午後になっても、スープセットはよく売れた。最初は一鍋で足りると思っていたスープが、思ったより早くなくなった。
「これ、もう少し作っておけばよかったね。」
紬が空になった鍋を見て言う。
「初日から売り切れなら、上出来じゃない。」
千鶴が笑った。
「そうかな?」
「そうよ。」
紬は、店内の棚を見た。パンも、いつもより少なくなっている。
夕方が近づき、ようやく店内に静けさが戻ってきた。紬は、ふと時計を見た。そろそろ、蓮が来る頃だった。いつもなら、この時間に仕事帰りの蓮が店に立ち寄る。

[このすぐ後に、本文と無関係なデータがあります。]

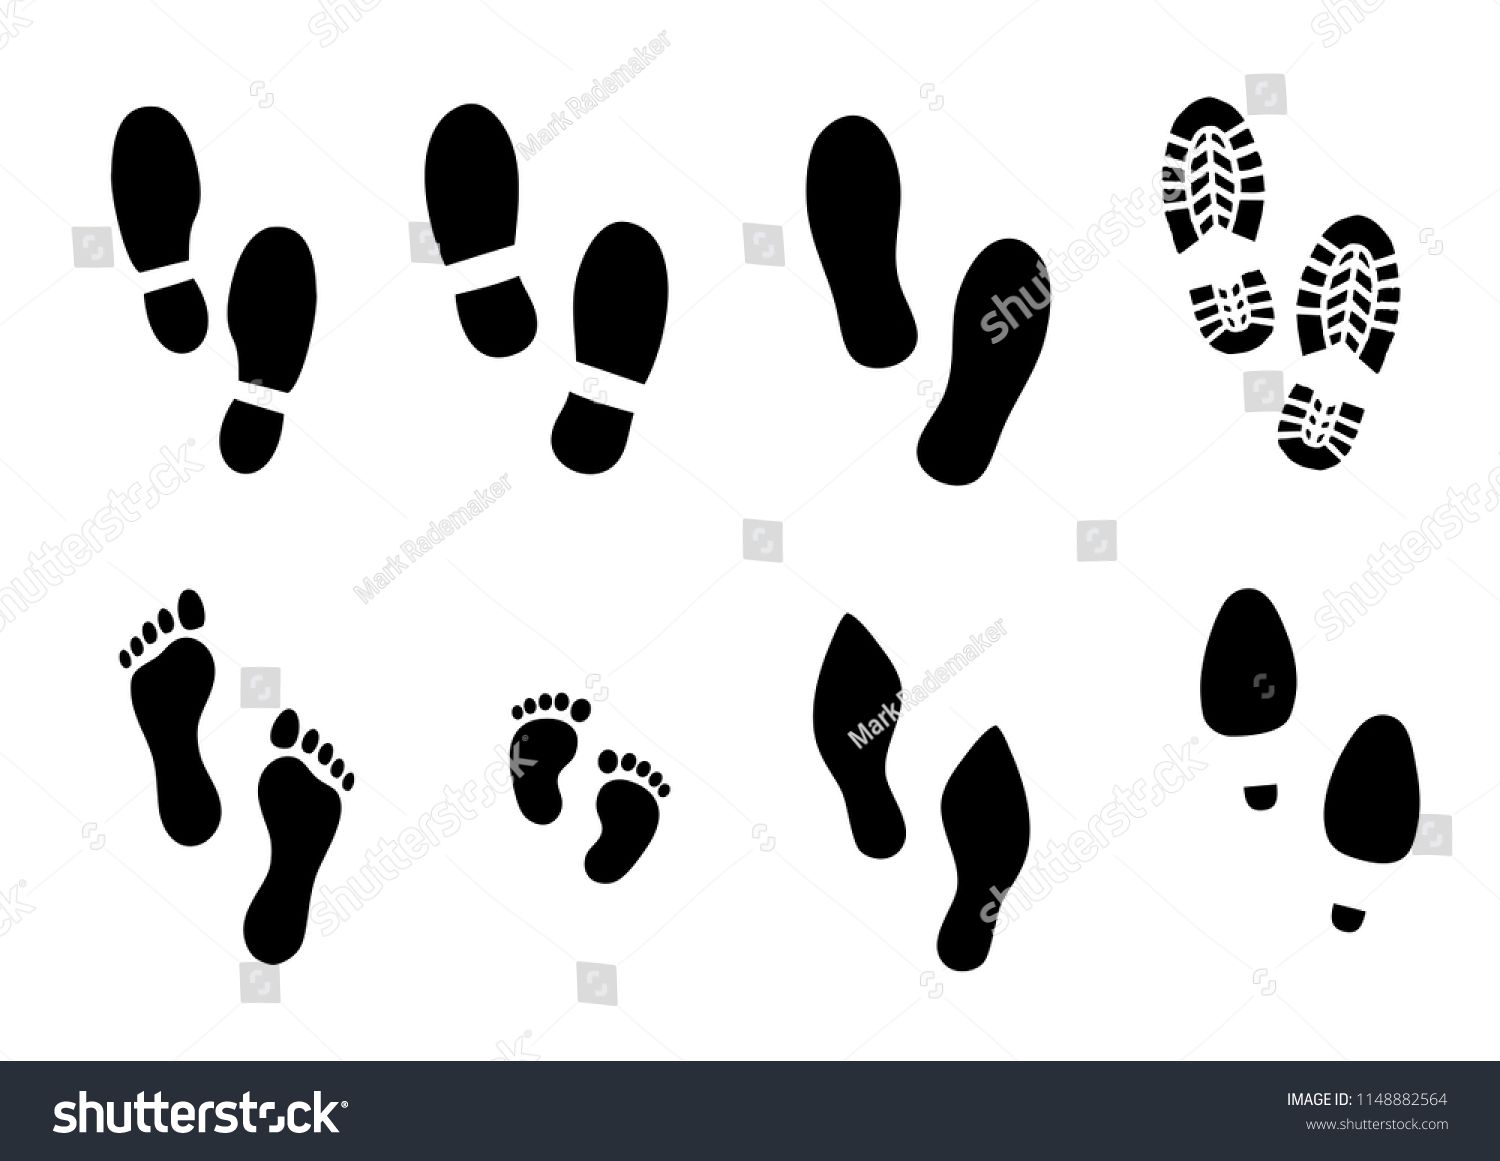 Footsteps clipart shoe soles. Footprints human shoes sole

紬は、無意識に棚の端へ視線を向けた。今日は、朝から忙しくて。スープも、パンも。気がつけば、ほとんど売れてしまっていた。紬は、空になった棚を見た。
「……あ」
小さく声が漏れる。そして、少し困ったように呟いた。
「先生の分、なくなったな……」
いつもは、好きそうなパンをいくつか残しておくこともあった。
千鶴は、紬が少しだけ残念そうに棚を見つめている姿を、静かに見守っていた。